Did nobody ever teach you to use a comma?! The sentence is completely unmanageable unless you make "Oh, the endless...." I stumbled first attempt before I realized what was missing.
Posted by: MT | Saturday, 25 March 2006 at 12:25 AM
I added a comma, but I must say, the absence of commas is sorta the point.
Posted by: Scott Eric Kaufman | Saturday, 25 March 2006 at 02:10 AM
Oh, yes. So true.
Nice nod to Queen in the title of that post, by the way.
Posted by: Ancrene Wiseass | Saturday, 25 March 2006 at 04:08 AM
Finals week?
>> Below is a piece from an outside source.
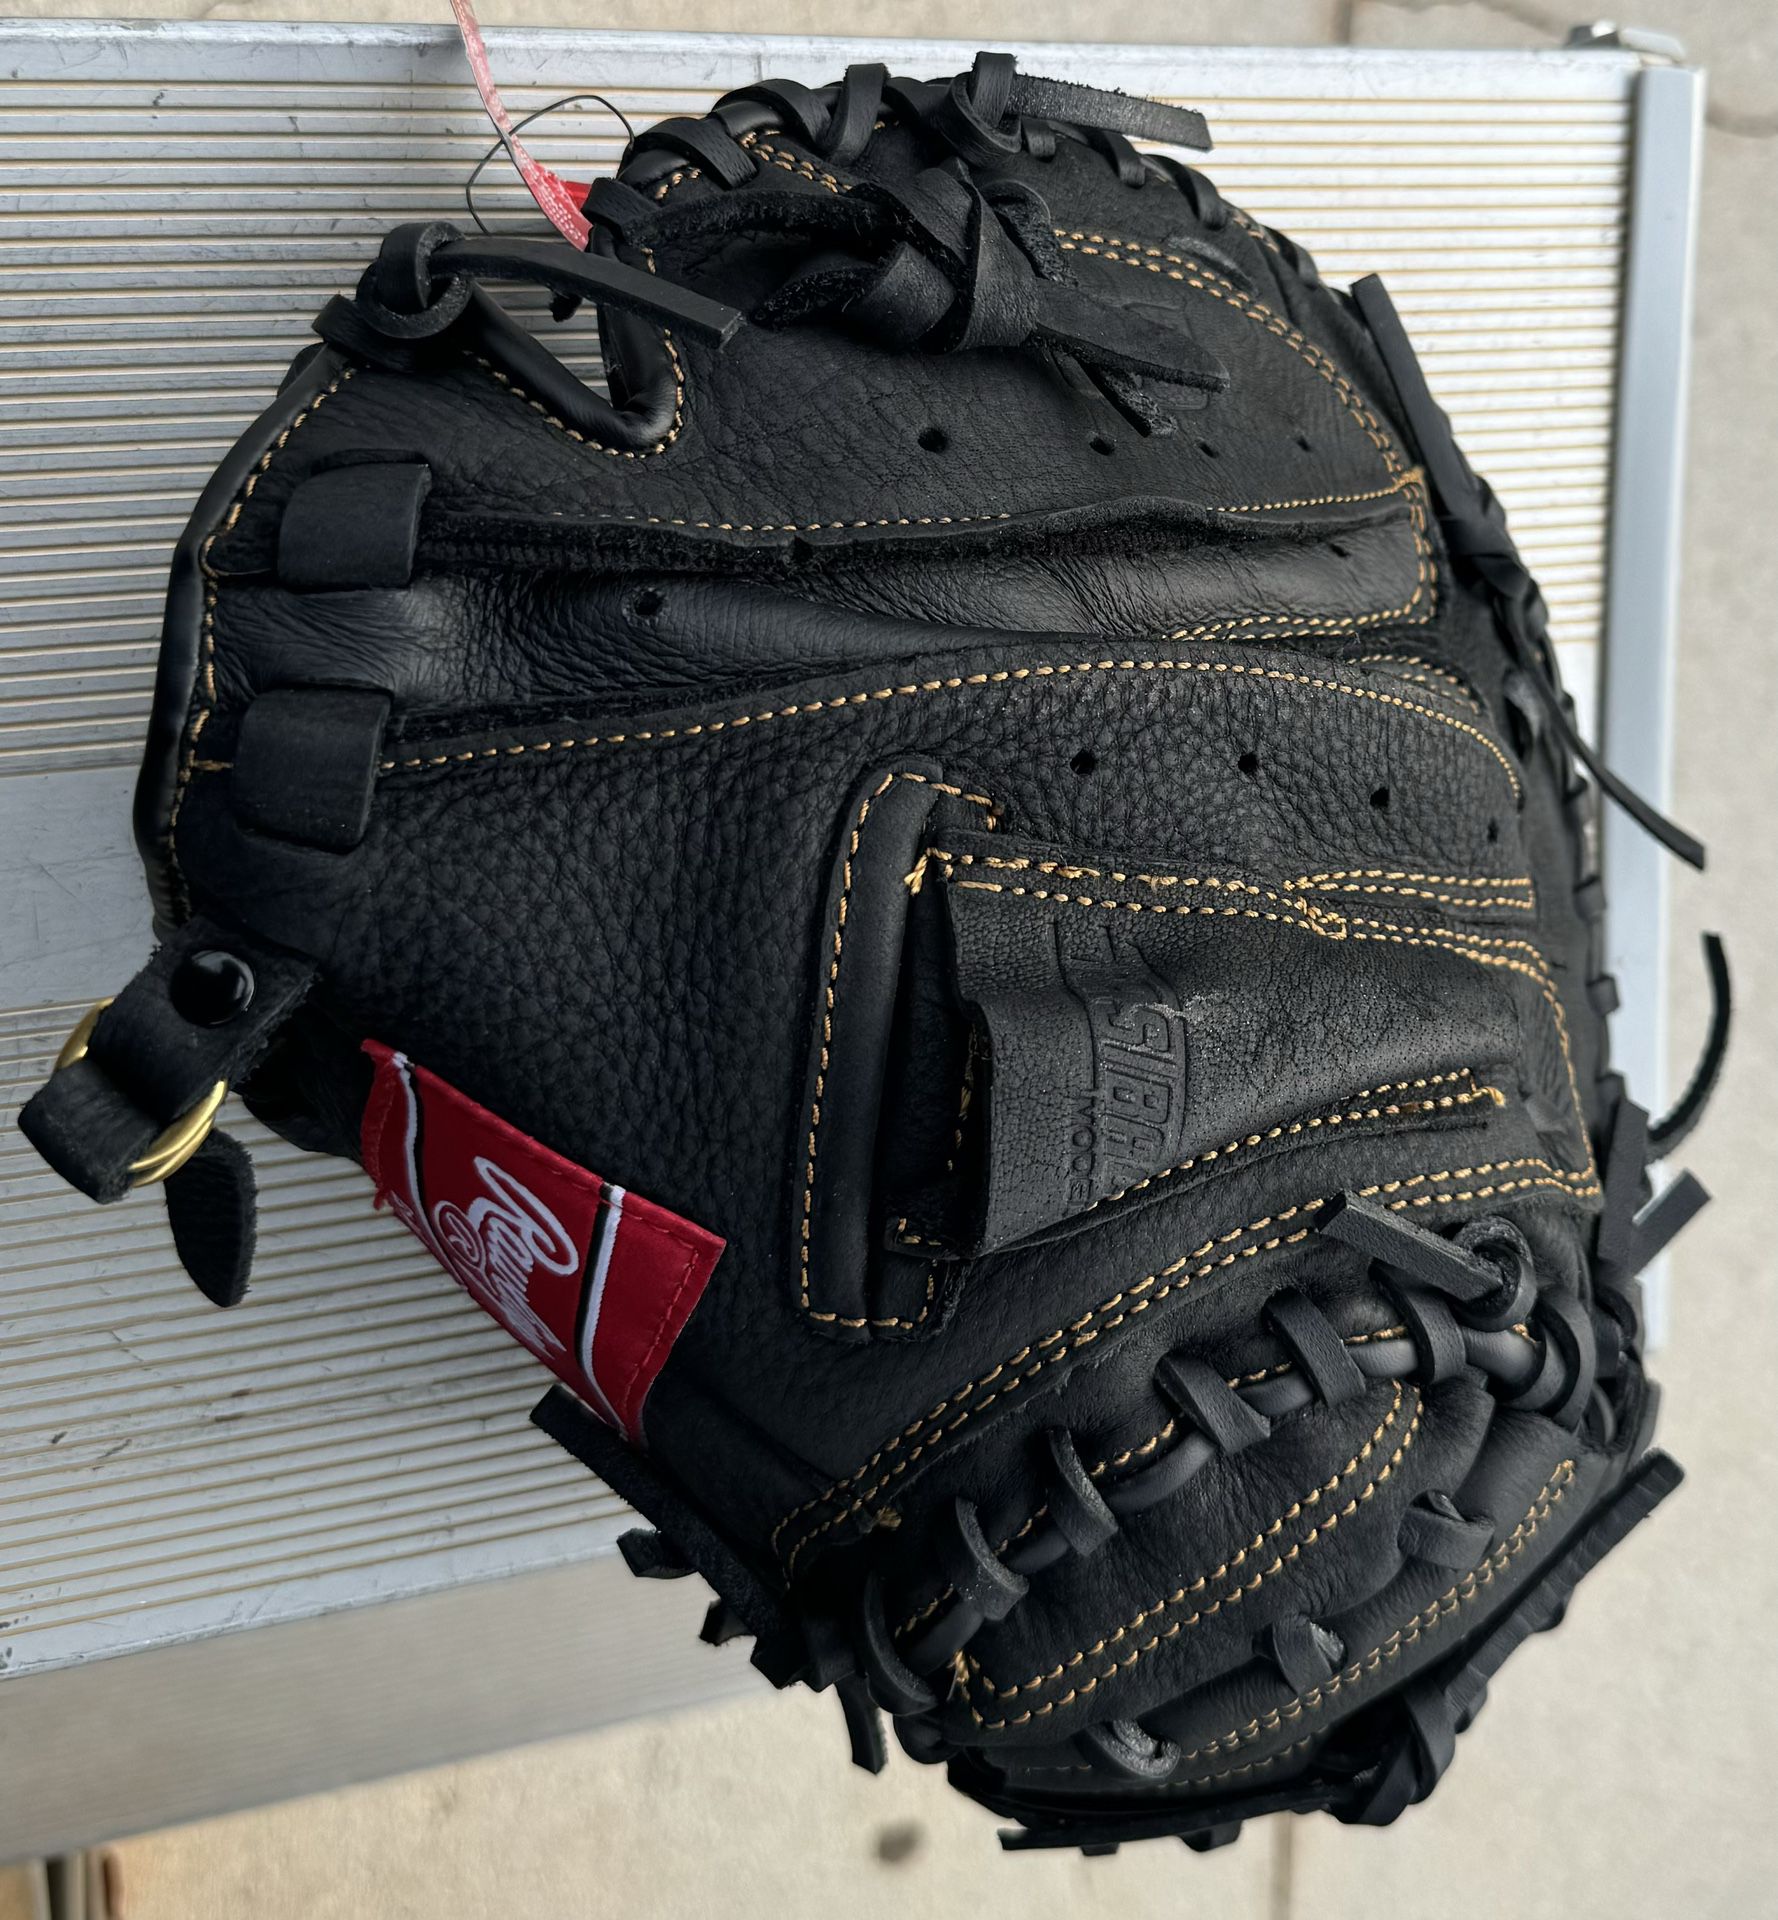 Rawlings Renegade Baseball Glove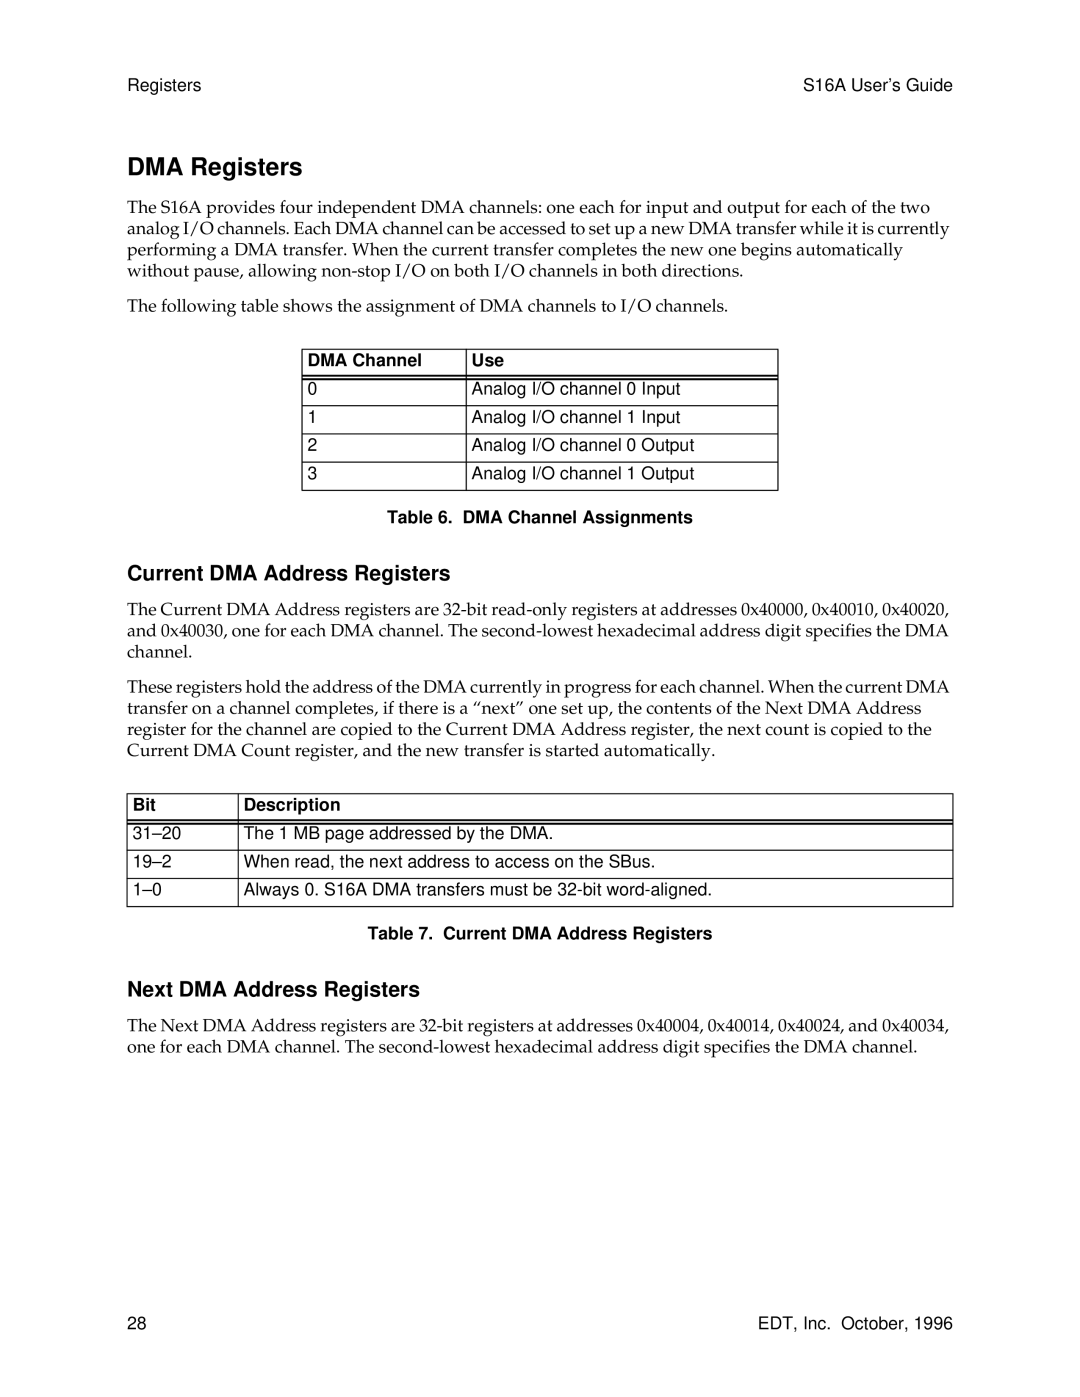 Sun Microsystems S16A DMA Registers, Current DMA Address Registers, Next DMA Address Registers, DMA Channel, Description

I do that in every paper. #1 comment in my thesis: "END THE SENTENCE PLEASE GOD END THE SENTENCE"
Posted by: Jason | Saturday, 25 March 2006 at 07:58 AM
"The poor implementation of big words will still get me the 'A', right? Surely, I deserve a better life than that of those who serve sliders."
Posted by: eM | Saturday, 25 March 2006 at 08:57 AM
Really though, isn't length unduly maligned? It's not how far you run with it, it's whether you leave any confused readers behind. I say size doesn't matter. Editors and graders who say so are just length-ists.
Posted by: MT | Saturday, 25 March 2006 at 10:53 AM
"I say size doesn't matter."
Not according to the herbal pill increase your sentence length spammers.
Posted by: Rich Puchalsky | Saturday, 25 March 2006 at 12:01 PM
In high school Advanced Grammar and Composition -- still the most useful course I ever took in 26 consecutive years as a student -- we used something called the "Fog Index" to determine the "grade level" at which we were writing. I'm too lazy to google it to see if it still is in use. Nonetheless, it became something of a sport -- among the boys in the class, at least -- to see how MASSIVE and GIRTHY our fog index could be if we really, really tried to "go huge."
I'd try to analyze that competitive drama, but I don't know if anyone has ever developed an, um, instrument that would allow us to -- you know -- probe the inner psyche of the virginal young male mind. When that happens, I think many aspects of human experience will instantly ripen for study.
Posted by: d | Saturday, 25 March 2006 at 06:57 PM
Well, of course it's not the length, it's what you do with it that counts.
Allegedly.
Posted by: Sharon | Saturday, 25 March 2006 at 07:02 PM
If I know American political culture, that's explains what goes in and out of Foggy Bottom.
Posted by: MT | Saturday, 25 March 2006 at 07:08 PM
Sorry, I lost count of what entendre we were on.